A cross-encoder is a neural model that jointly processes a query and document together through a single transformer encoder to produce a relevance score. By allowing full attention between query and document tokens, cross-encoders achieve the highest accuracy in relevance ranking but at a significant computational cost that limits their use to reranking small candidate sets.
A cross-encoder takes the concatenation of a query and document as input, separated by a special token (e.g., [SEP]). The combined input is processed through a transformer model (typically BERT), and a classification head on top of the [CLS] token outputs a relevance score (0 to 1). Because all attention layers see both the query and document simultaneously, the model captures fine-grained interactions between specific query terms and document passages. This full cross-attention is what gives cross-encoders their superior accuracy.

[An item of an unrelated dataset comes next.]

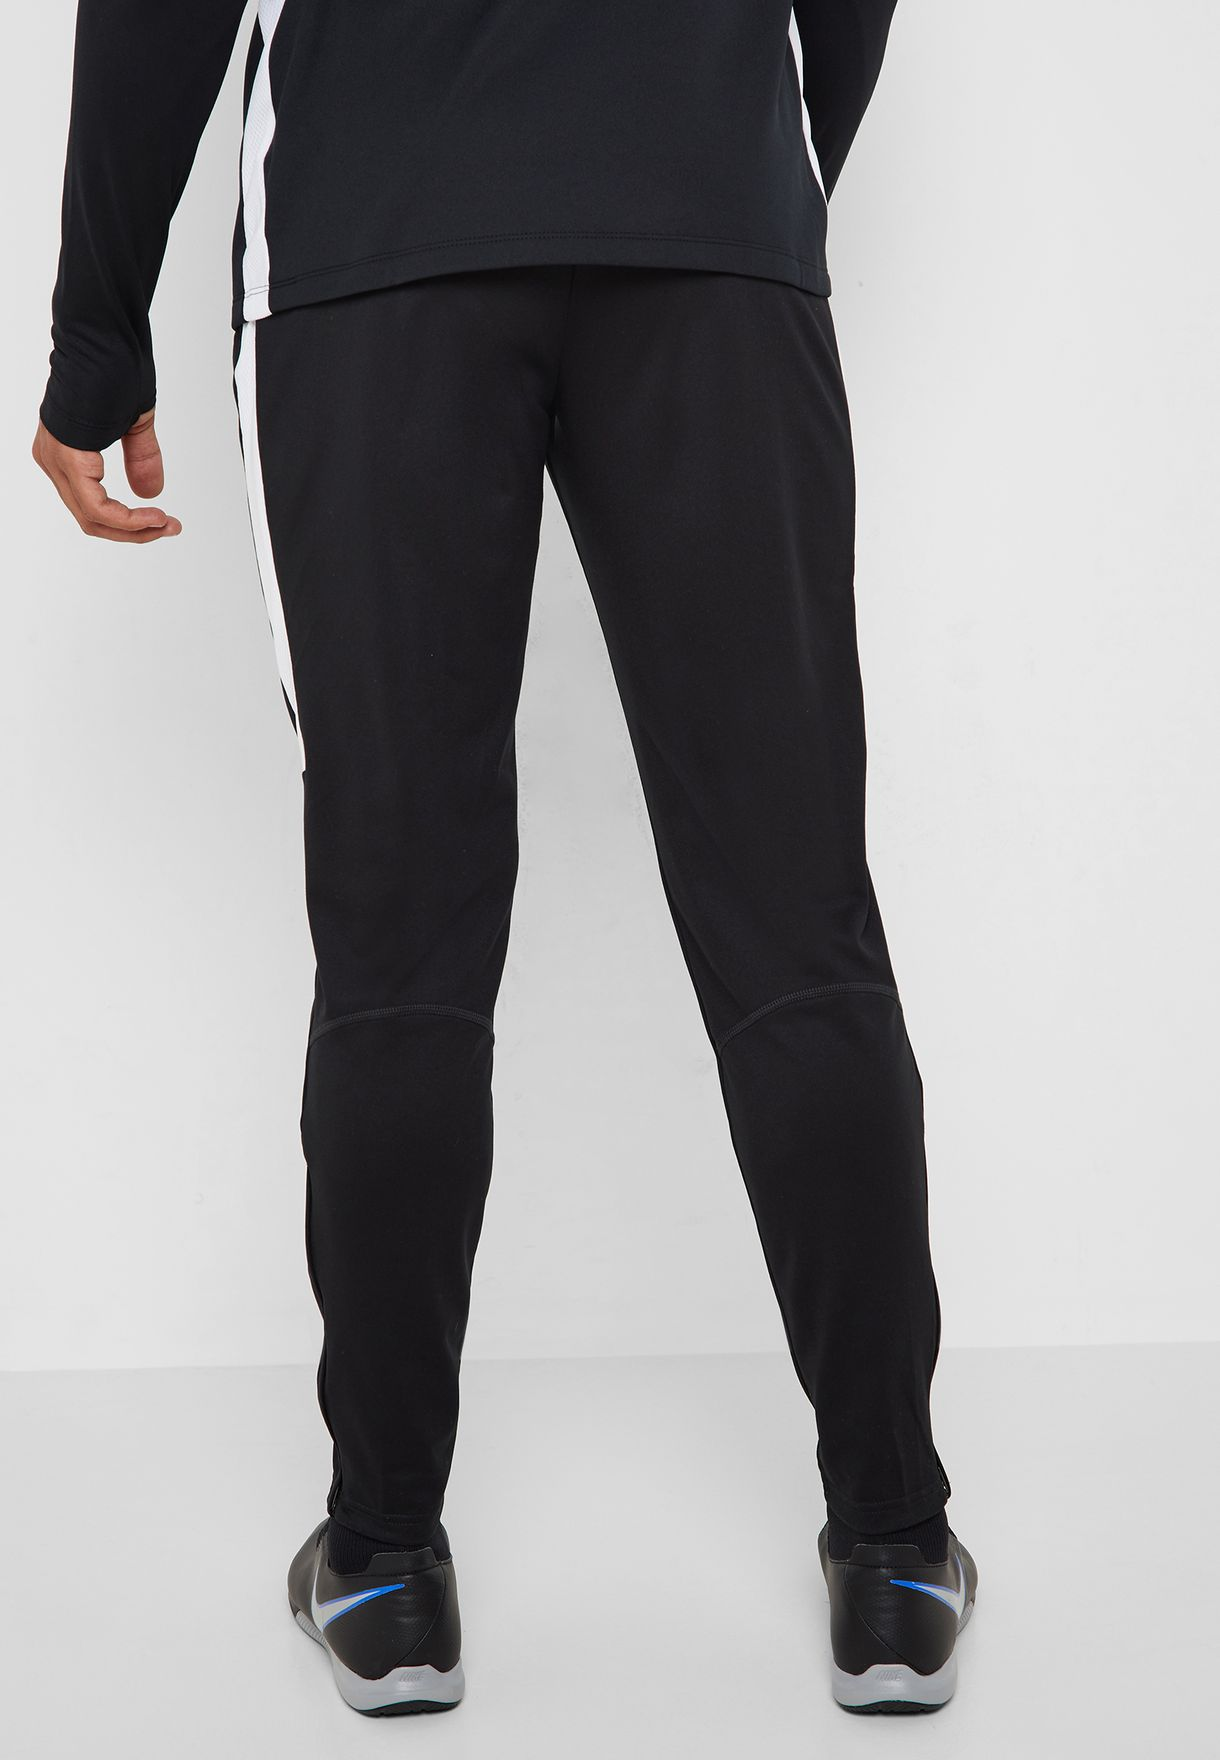 339ec4b20410 Shop Nike black Dri-FIT Academy Sweatpants AJ9729-010 for Men in ...

Cross-encoders are typically fine-tuned from pretrained language models (BERT, RoBERTa, DeBERTa) using binary cross-entropy or margin-based ranking losses on labeled query-document pairs. The input format is '[CLS] query [SEP] document [SEP]' with a maximum total length of 512 tokens (or longer with extended-context models). Inference requires one forward pass per query-document pair, making it O(n) per query where n is the number of candidate documents. This cost restricts cross-encoders to reranking 100-1000 candidates retrieved by a faster first-stage method.